* [REQUIRED ACTION] Retype the whole listing, please, keeping every line exact and dropping the pictures.

* [SOURCE DATA]
=== Begin Enclosure ===

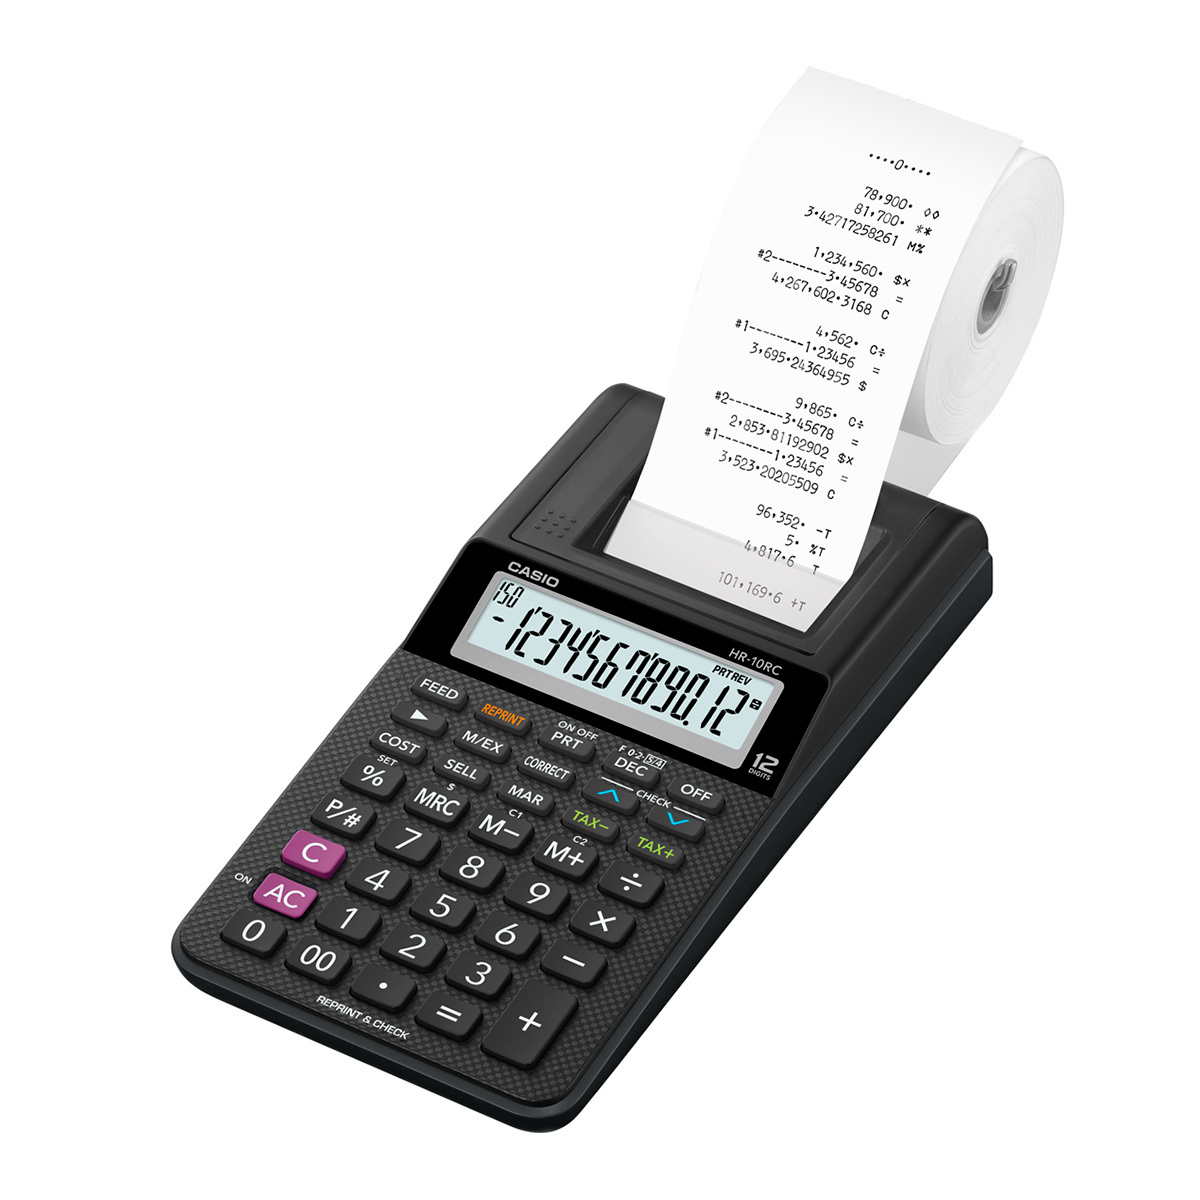 Calculadora Con Impresor Casio Sumadora Hr-10rc
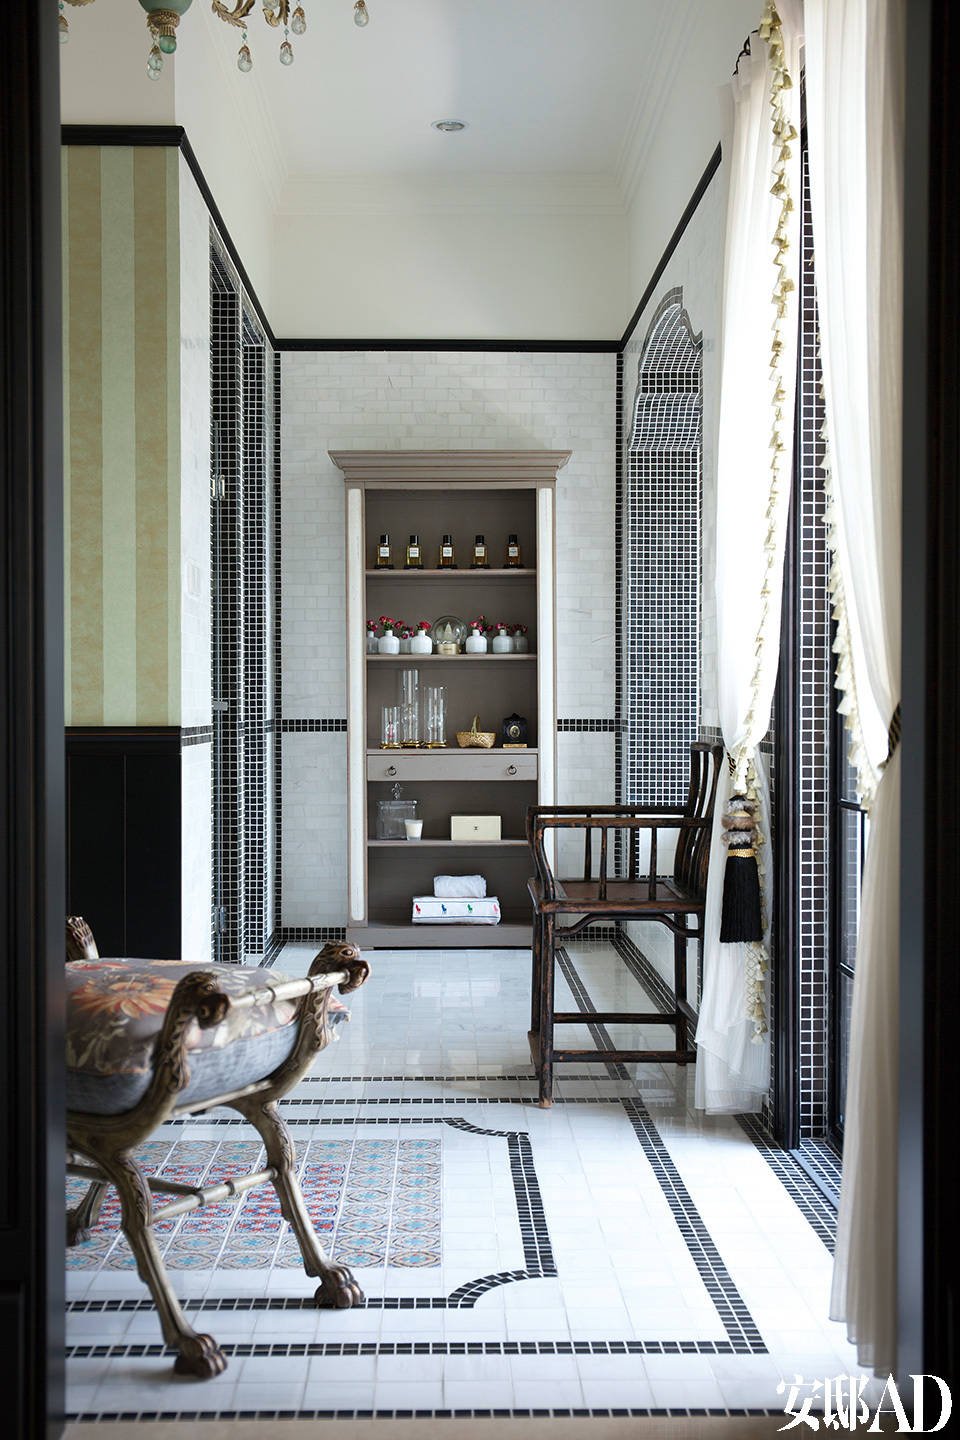 主人浴室是设计师和主人都十分满意的地方，黑白马赛克与复古地砖完美结合。
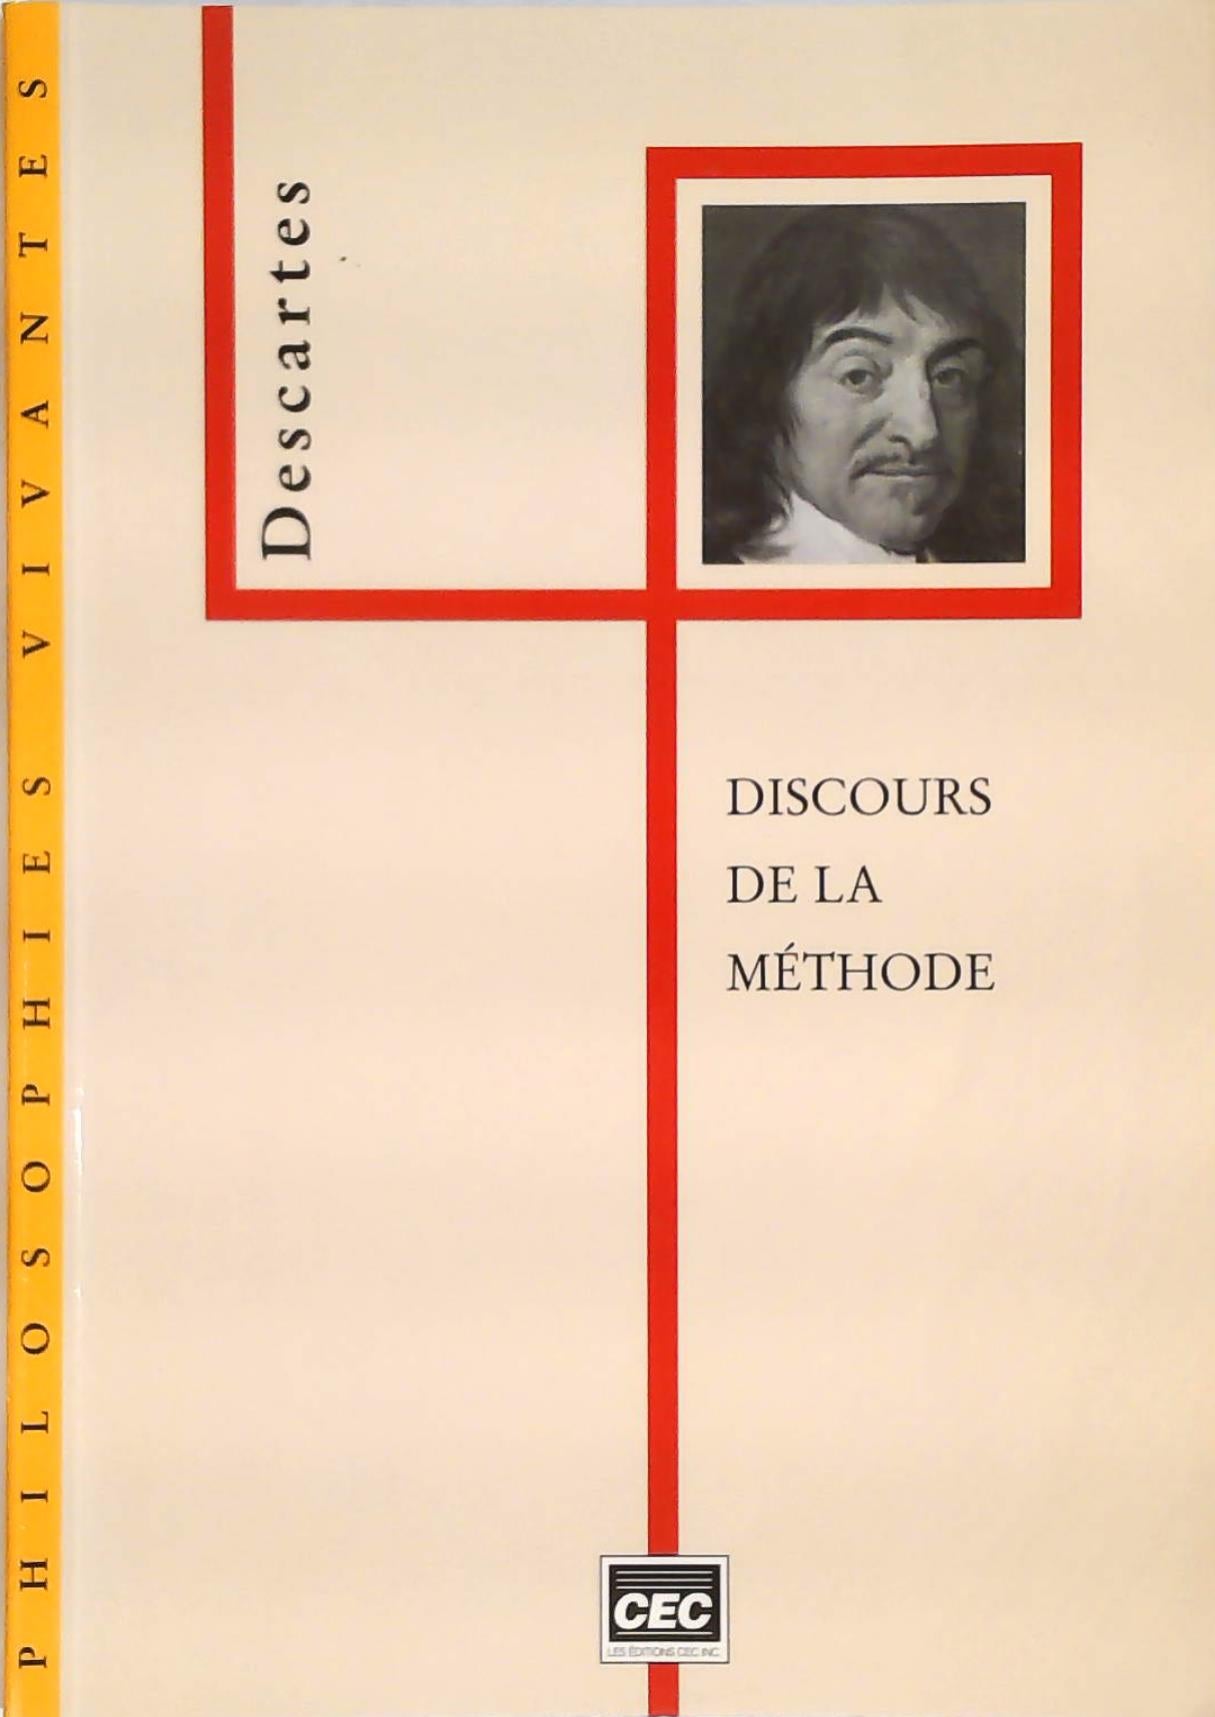 Livre ISBN 2761713141 Philosophies vivantes # 1 : Discours de la méthode (Descartes)
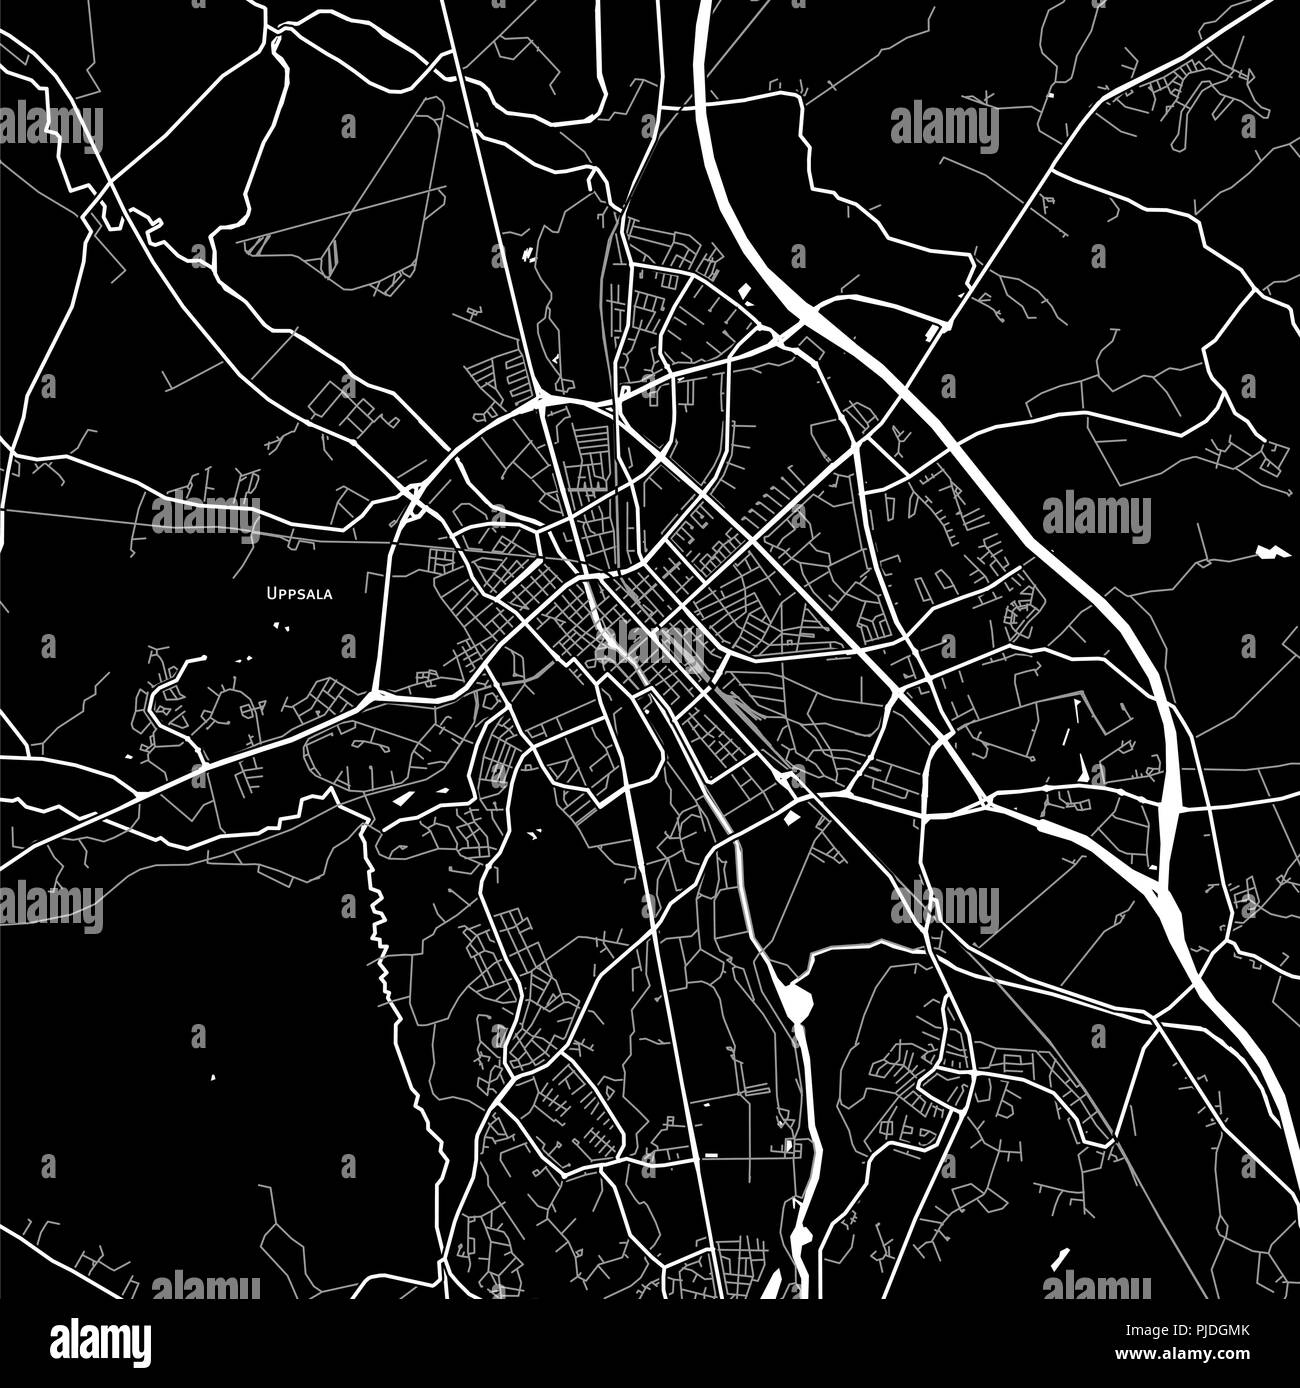 Mappa Area di Uppsala, Svezia. Sfondo scuro versione per una infografica e progetti di marketing. Illustrazione Vettoriale

=== End Enclosure ===

* [PROBLEM SOLUTION]
 Calculadora Con Impresor Casio Sumadora Hr-10rc
 主人浴室是设计师和主人都十分满意的地方，黑白马赛克与复古地砖完美结合。
 Livre ISBN 2761713141 Philosophies vivantes # 1 : Discours de la méthode (Descartes)
 Mappa Area di Uppsala, Svezia. Sfondo scuro versione per una infografica e progetti di marketing. Illustrazione Vettoriale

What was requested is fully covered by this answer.